By Ghulam Haider Shaikh

The decision by Pakistan Tehreek-e-Insaf (PTI) to form a short or limited cabinet in Khyber Pakhtunkhwa (KP) signals both political pragmatism and financial caution. In a province grappling with economic pressures, administrative challenges, and governance fatigue, this move, if driven by merit rather than expedience, could set an example for efficient governance and fiscal responsibility.

Historically, KP’s cabinets have often reflected political appeasement more than performance. Expanding ministries to accommodate allies or balance internal factions has diluted accountability and burdened public resources. By choosing to restrict the number of ministers, PTI appears to be acknowledging that lean governance, rather than political patronage, is the need of the hour. A smaller cabinet, if properly empowered, can expedite decision-making, reduce bureaucratic overlap, and promote a culture of responsibility within the provincial machinery.

However, the effectiveness of this decision will depend entirely on who is included in the new team. The temptation to fill key posts based on loyalty or group influence, instead of competence and integrity, could undermine the very principle the party claims to uphold. KP’s issues are deeply rooted in governance gaps: from failing infrastructure in the merged districts to law-and-order concerns in sensitive border areas, and from unemployment to underfunded education and healthcare sectors. The province requires a cabinet that not only understands these realities but can act on them decisively.

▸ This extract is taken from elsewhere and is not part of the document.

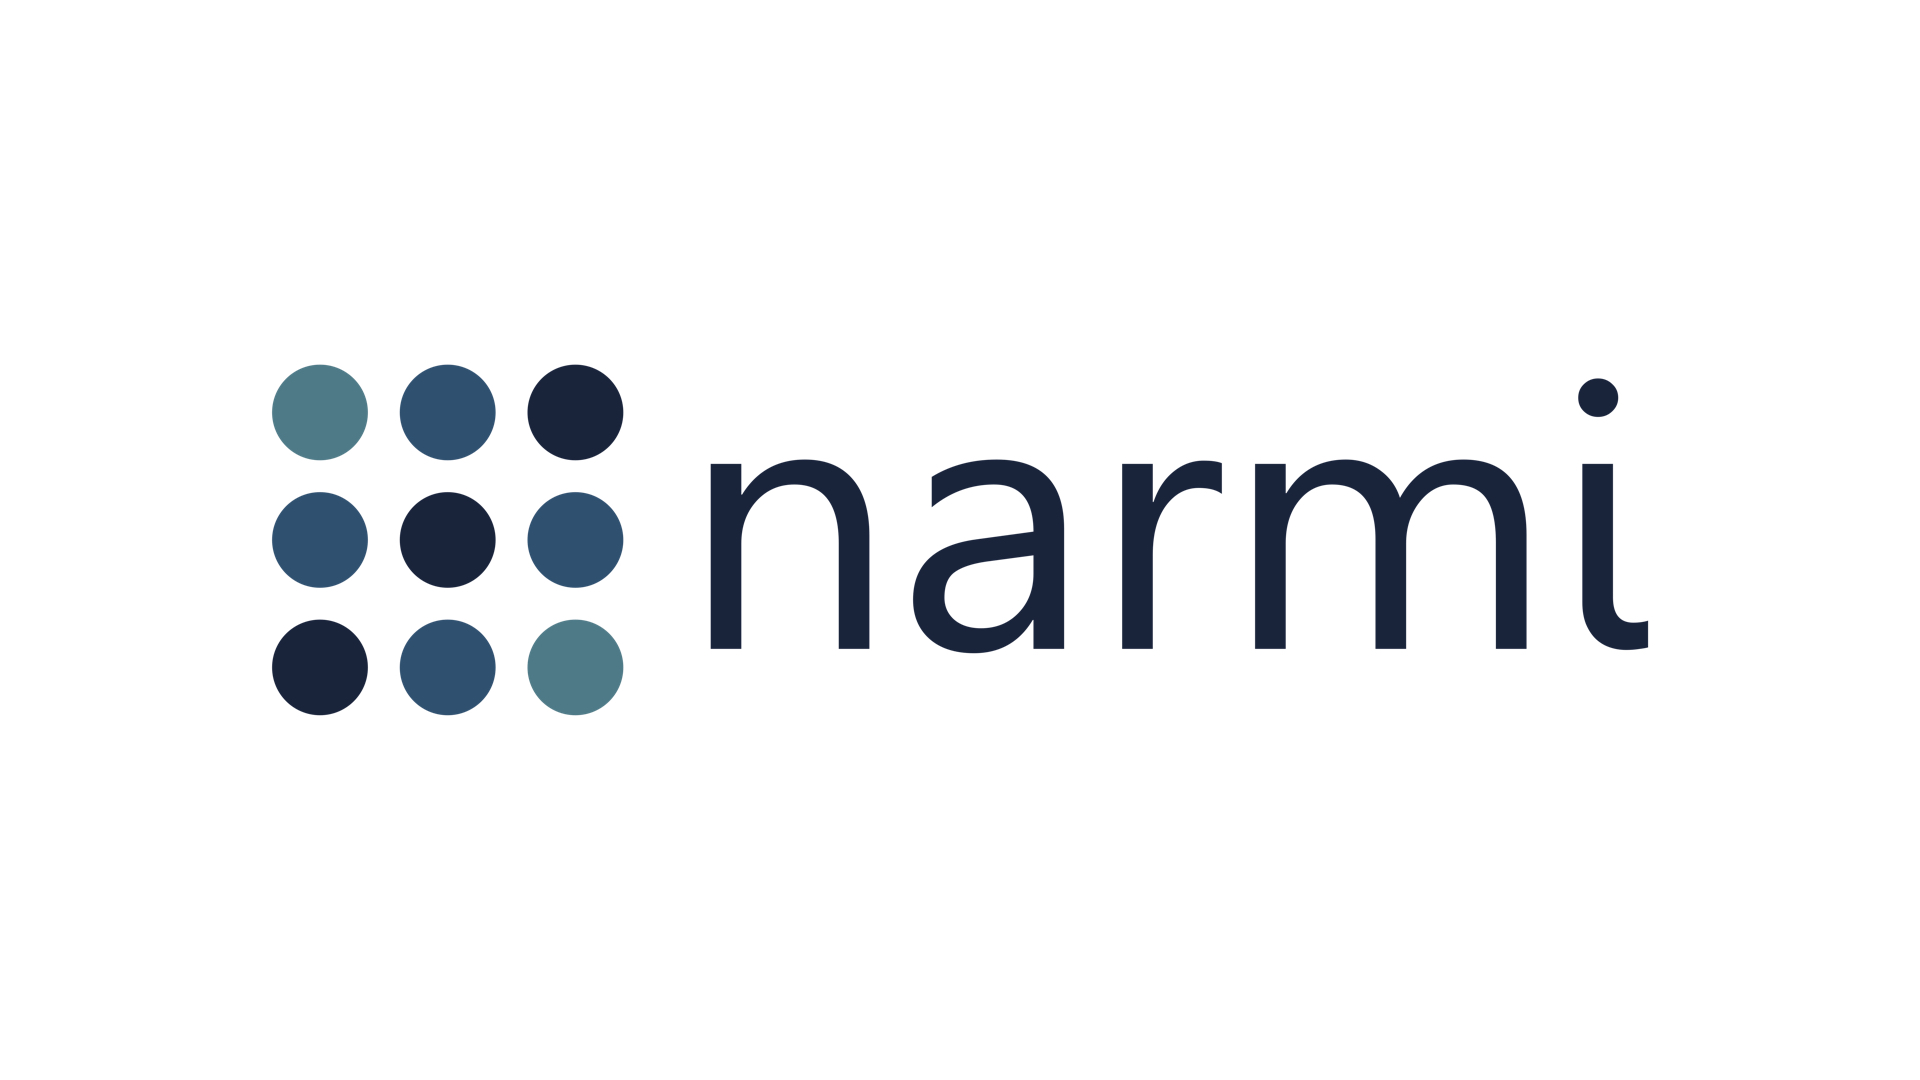 Narmi · fintechsandbox/project-sandcastle Wiki · GitHub

Moreover, fiscal discipline should accompany this political restraint. Reducing the size of the cabinet must translate into a broader policy of cutting unnecessary expenditures, strengthening transparency, and prioritizing service delivery. The people of KP, who have endured repeated political experiments, deserve results, not rhetoric.

If PTI truly wishes to rebuild its political image after years of turbulence, this cabinet formation could serve as the first credible step. Governance in KP must move away from symbolic gestures toward measurable performance. A smaller cabinet is not automatically a better one, but it can be, if backed by integrity, capability, and genuine commitment to public welfare.

In a province where politics often outweighs policy, PTI now has an opportunity to reverse that equation, by proving that governance, when done with sincerity and restraint, can still earn public trust.